Temperature plays a crucial role in potato cultivation. Potatoes thrive in temperate climates, and temperature changes in either direction can negatively impact potato crops. Temperatures above 30°C can cause physiological damage to potato plants, such as brown spots on tubers, slower growth, premature sprouting, and reduced starch content. These issues ultimately lead to reduced crop yield, affecting both the number and weight of tubers. As a result, regions with temperatures near the upper limit of the potato's temperature range, such as Sub-Saharan Africa, are likely to experience significant reductions in potato crop yields as temperatures continue to rise.

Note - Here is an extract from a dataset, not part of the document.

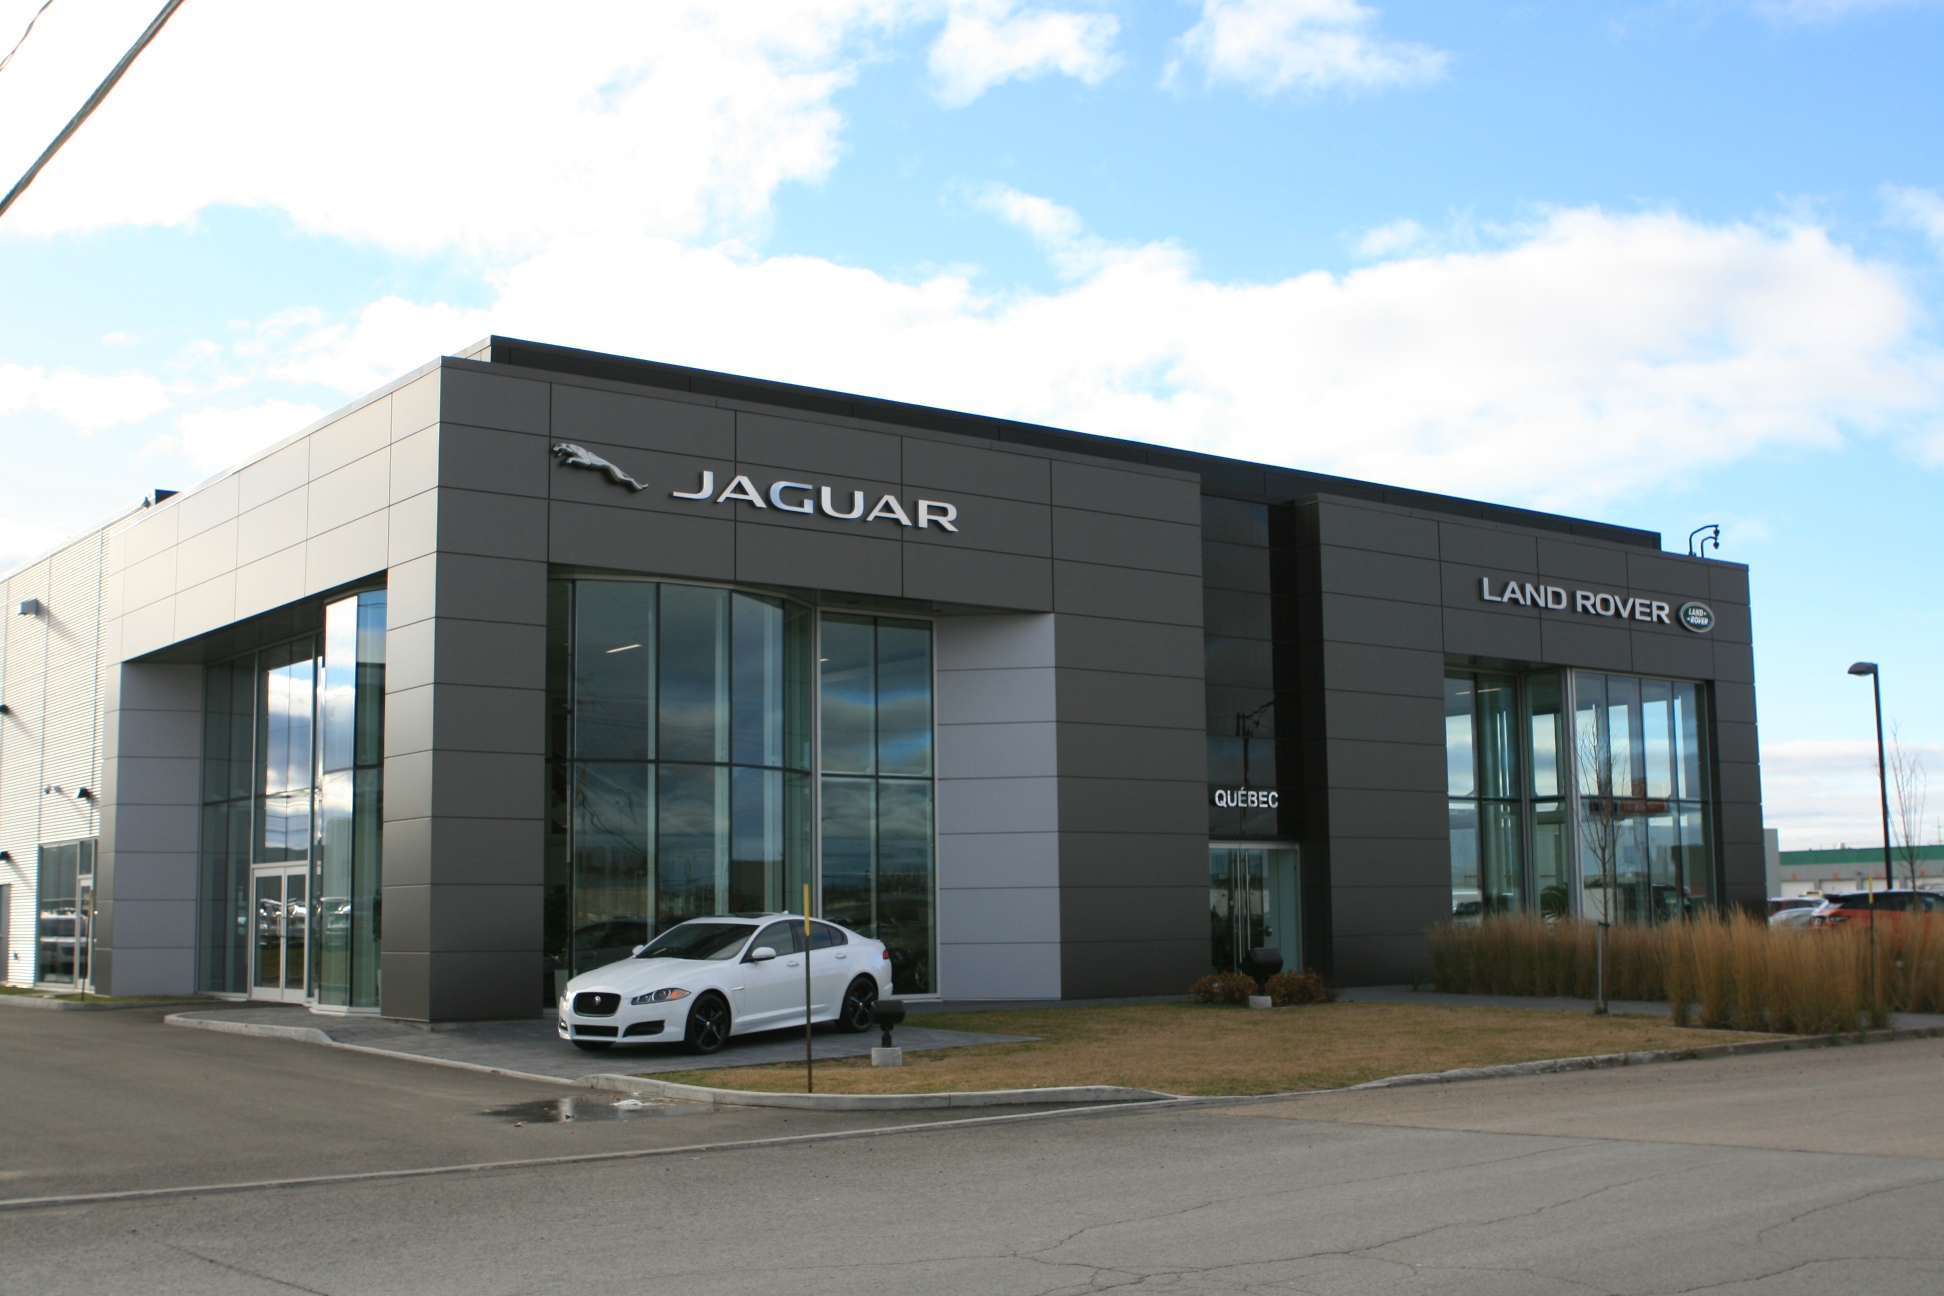 Jaguar Car Dealership Jaguar Land Rover Is Not For Sale

On the other hand, lower temperatures also present challenges for potato cultivation. While they generally support stable crop yields, they carry the risk of frost damage to the plants. Thus, both high and low-temperature extremes can adversely affect potato production.

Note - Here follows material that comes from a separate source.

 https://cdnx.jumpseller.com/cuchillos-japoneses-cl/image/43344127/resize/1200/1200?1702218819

Climate change, with its associated temperature increases, intensifies the challenges for potato growers. Warmer temperatures can alter the developmental stages of plant pathogens that affect potato crops, such as Dickeya, the cause of potato blackleg disease. Additionally, higher temperatures facilitate the spread of pests and diseases. For example, the potato tuber moth and the Colorado potato beetle are predicted to spread into areas that are currently too cold for them. Moreover, warmer temperatures can lead to increased water scarcity, drought, and heatwaves, further compounding the challenges for potato cultivation.

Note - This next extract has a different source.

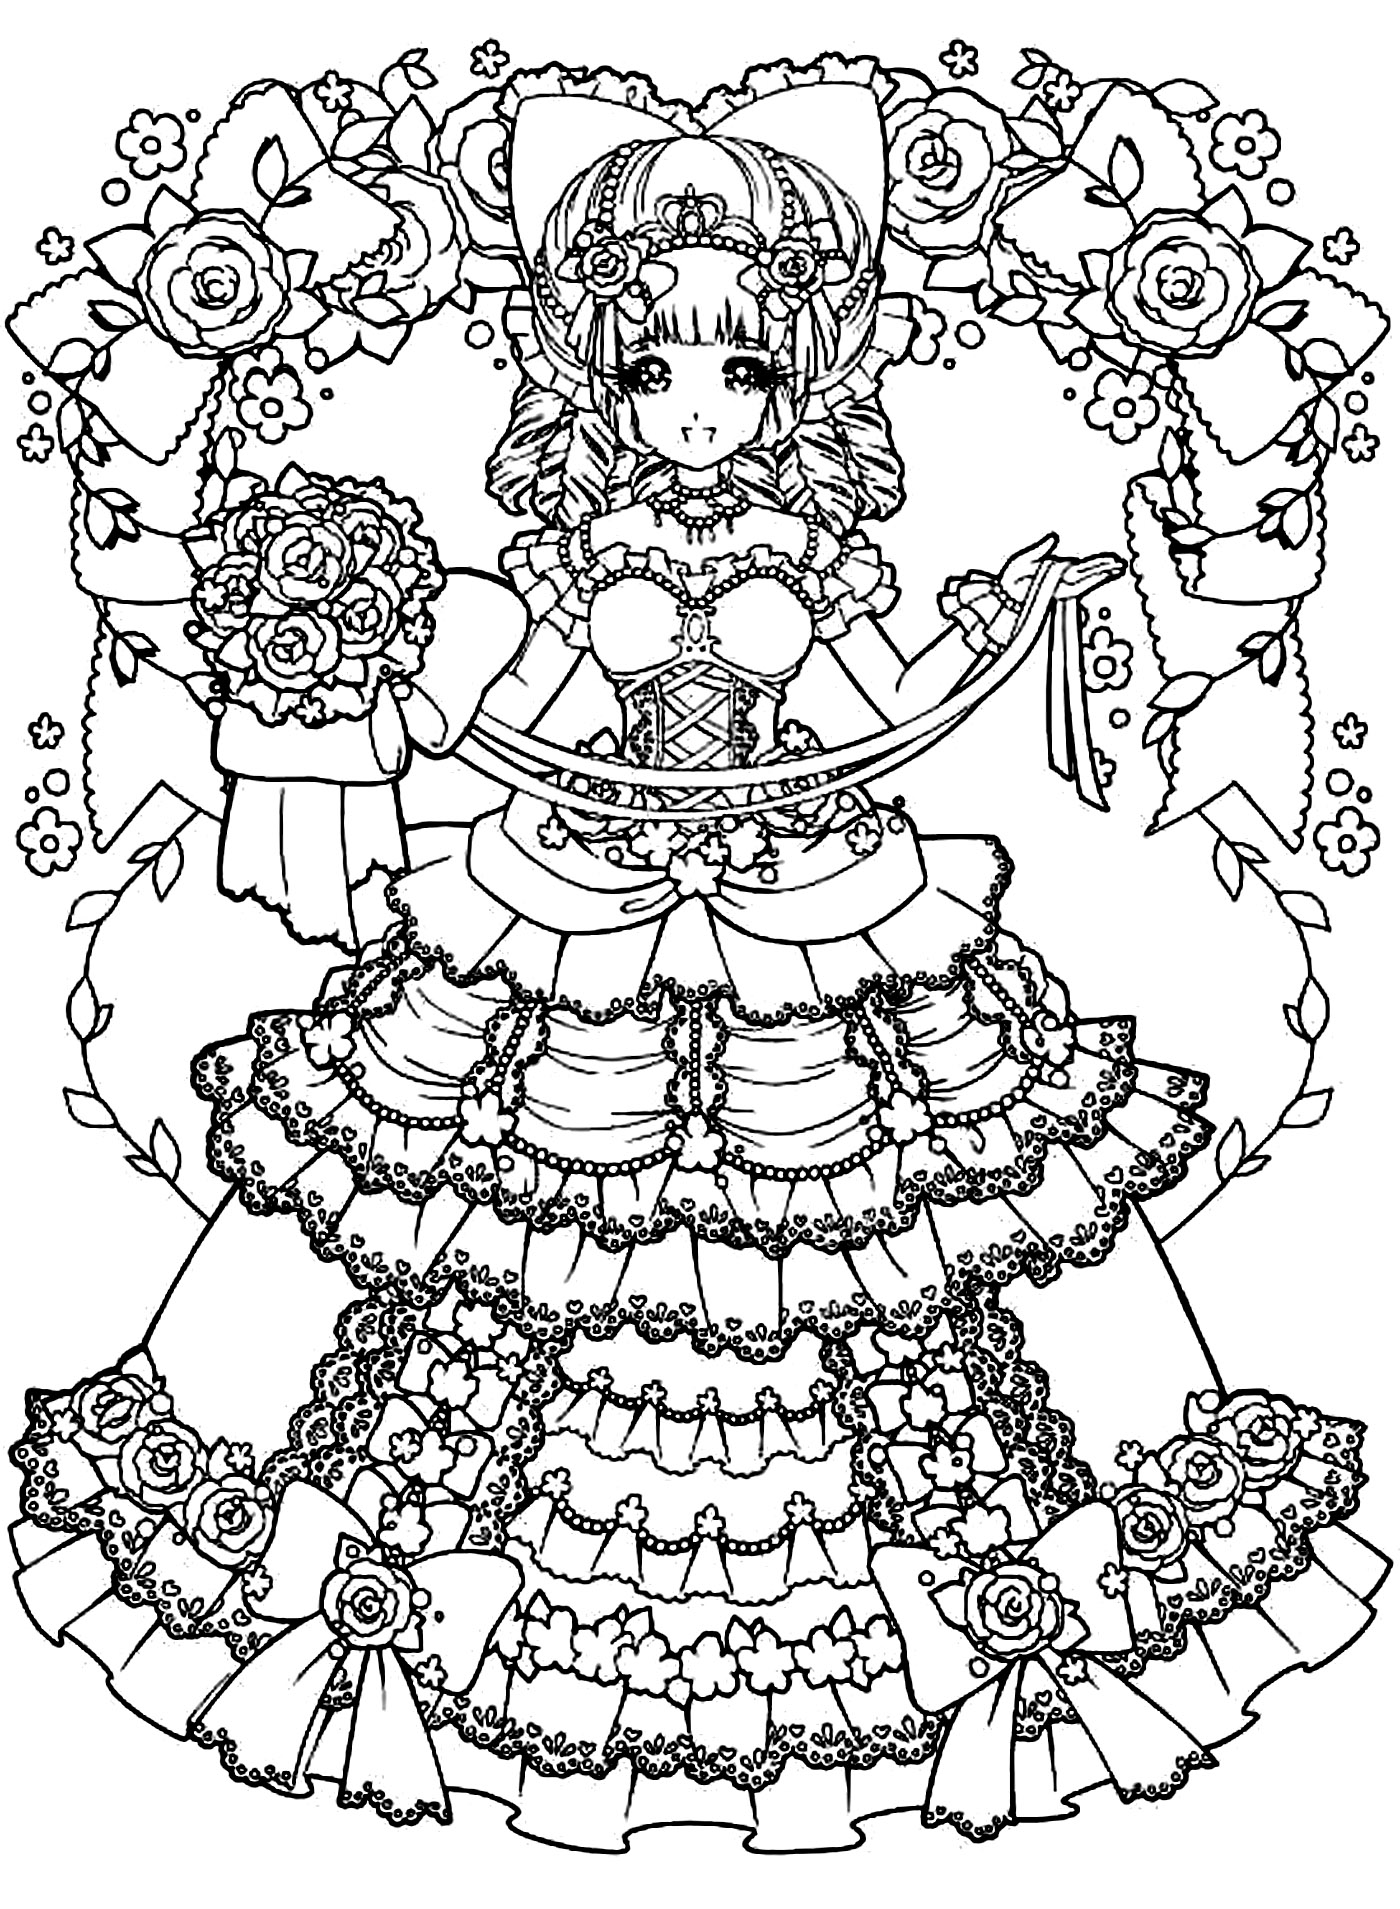 Manga drawing : Girl with beautiful dress

To mitigate the impacts of climate change on potato crops, several strategies can be employed. Developing potato cultivars with greater heat stress tolerance and drought resistance is crucial. This involves improving water use efficiency and creating potatoes that can recover from short drought periods while still producing acceptable yields. Additionally, faster-growing potatoes that can adjust to shorter growing seasons can help counter the effects of reduced growth rates in warmer temperatures. The development of genetically modified (GM) potatoes that are optimized for different ambient temperatures and exhibit increased heatwave resistance is also a promising approach.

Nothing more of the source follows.